I. Particles Encapsulating Complement Active Fragments

I.1. Manufacturing of Polymer Microspheres Encapsulating C5a

[0158] Microspheres of PLGA were prepared by a water/oil/water (w/o/w) double-emulsion and solvent extraction/evaporation method adapted from the method previously described by Kalaji et al. (Kalaji N. et al., J. Biomed. Nanotech., 2010, 6(2), pp. 1-11). In brief, PLGA was dissolved in DCM to form the oil phase. This oil phase was then emulsified using a high-speed mixing apparatus (Ultrathurax®, T25 basic, IKA® Werke/Germany) with an internal aqueous phase of purified water containing C5a always with BSA to form a w/o emulsion. All preparations were performed at room temperature. The resulting emulsion was added to 50 mL of external aqueous solution containing 0.1% (w/v) PVA and emulsified with Ultrathurax® in order to produce the double w/o/w emulsion. The double emulsion was then poured into a large volume of water (100 mL) under magnetic stirring for 2 hours to allow removal of the organic solvent. Finally, the resulting microspheres were centrifuged, washed twice with 50 mL of deionized water, lyophilized and stored at −20° C.

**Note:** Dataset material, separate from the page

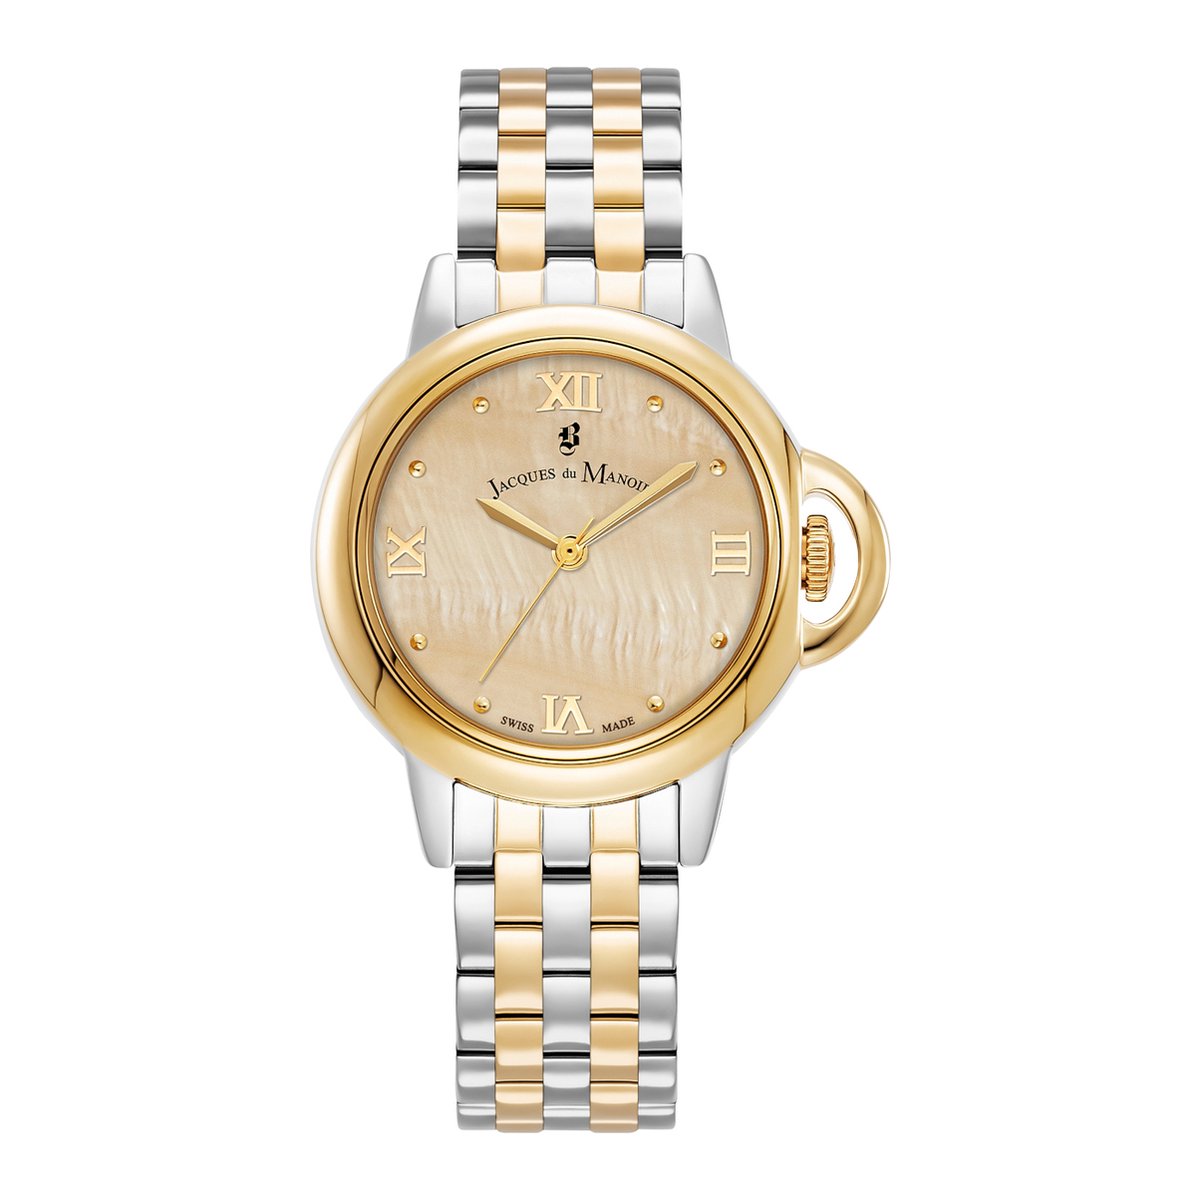 Jacques de Monoir Horloge JWL02502 Staal Bi-color met Gouden Wijzerplaat 32mm

I.2. Characterization of polymer microspheres encapsulating C5a

[0159] Microspheres' morphology was analyzed using a Keyence VHX-5000 digital microscope. This device allows to automatically reconstruct a sharp and deep image, thanks to its intuitive software making measurements of microspheres size in a very short time.

[0160] The particles obtained by the w/o/w double-emulsion and solvent extraction/evaporation method described above in example I.1. are under the form of microspheres. The outer surface of the microspheres has a rough aspect, probably reflecting on their porosity, as illustrated in FIG. 5. The microspheres have mean size of 25.51 (+9.83) μm in diameter.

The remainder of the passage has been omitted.